Tutt’altro il quadro relativo al trattamento dell’infarto miocardico acuto. L’accessibilità su tutto il territorio nazionale all’angioplastica coronarica primaria in corso di infarto, ha cambiato la storia della malattia. “Il 95% dei Laboratori di Emodinamica italiani – riferisce Tarantini – garantisce infatti H24 un network che ha realizzato lo scorso anno 37.135 angioplastiche primarie, portando l’Italia ai primi posti in Europa nel trattamento dell’infarto.
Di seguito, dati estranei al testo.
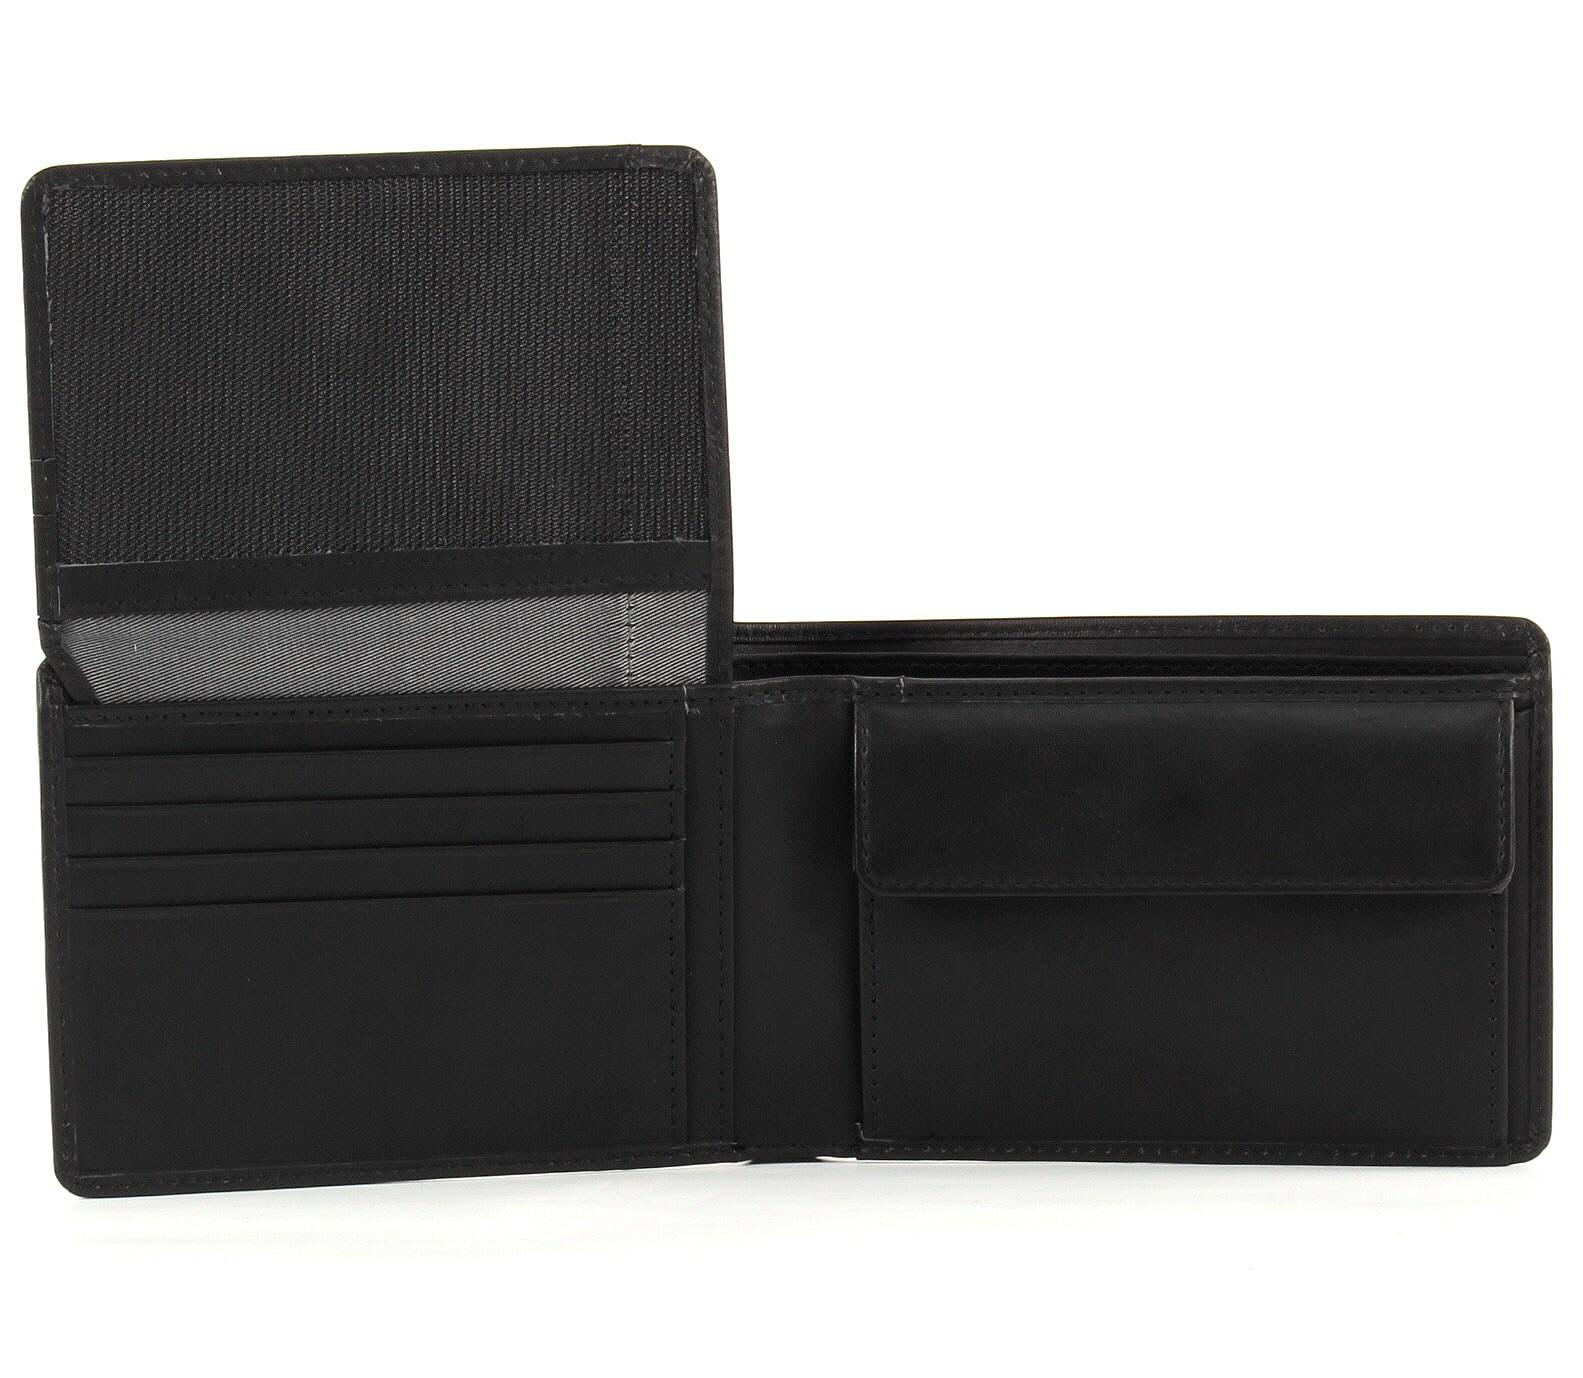 Kleidung & Accessoires Bugatti Primo Coin Wallet 4cc Geldbörse Portemonnaie Neu Herren Schwarz Black Herren-accessoires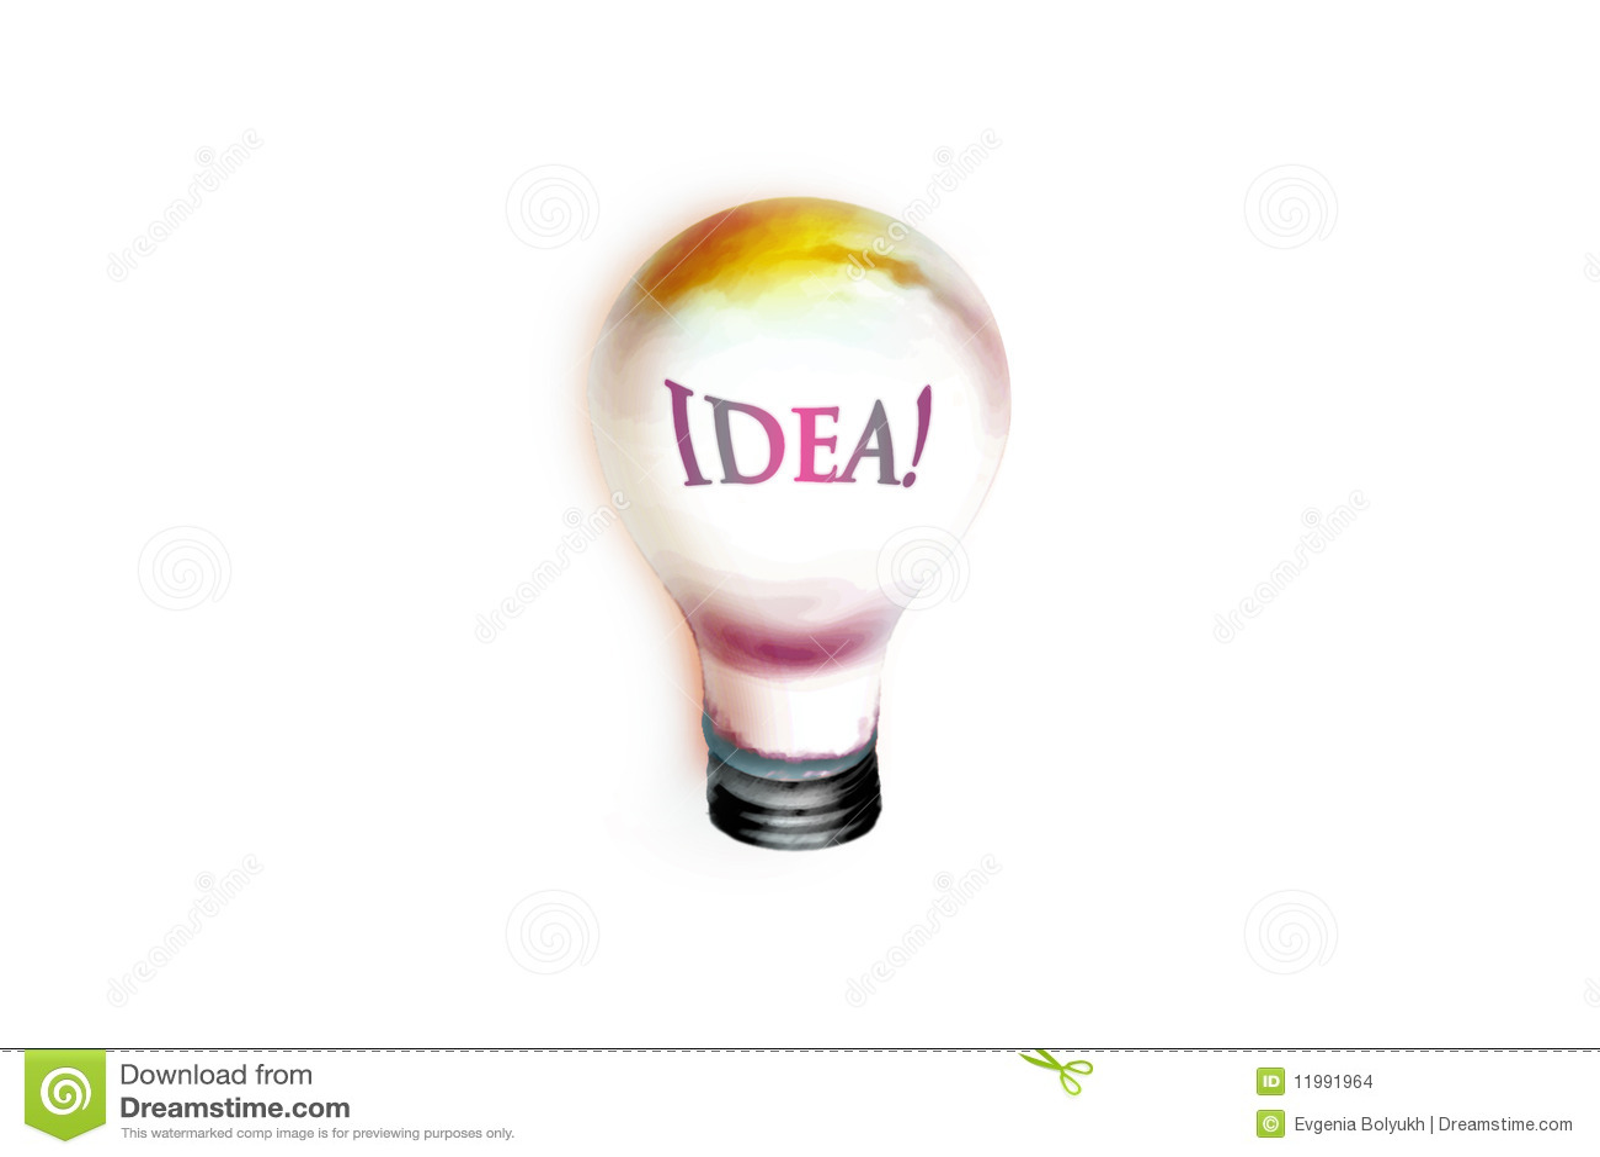 Tekening van grote idee gloeilamp stock illustratie afbeelding 11991964 - Idee van zolderruimte ...

Grazie all’angioplastica riusciamo a salvare molte più vite: la mortalità a 30 giorni è passata dal 10.4% del 2010 al 8.3% del 2017 (fonte Agenas).

“Siamo l’unica Società Scientifica italiana che dal 1981 raccoglie in un registro dedicato dati sull’utilizzo delle diverse tecnologie diagnostiche e terapeutiche nella pratica clinica. Abbiamo 271 laboratori di emodinamica affiliati in tutti il Paese – ricorda Tita Castiglioni, membro dell’esecutivo del GISE e Responsabile dei dati di attività delle Emodinamiche italiane – 432 sale, 1045 cardiologi interventisti primi operatori, che ogni giorno trattano pazienti con patologie sempre più complesse, sia in ambito coronarico che strutturale. Parliamo di un registro annuale con 36.900 rilevazioni, suddivise in 163 voci, tra diagnostica, interventistica cardiovascolare e strutturale, compresi i dati di outcome intraoperatori. Mettiamo il nostro patrimonio unico di informazioni a disposizione dei decisori, delle industrie, della comunità scientifica, perché possano contribuire al confronto sulle criticità ancora presenti”.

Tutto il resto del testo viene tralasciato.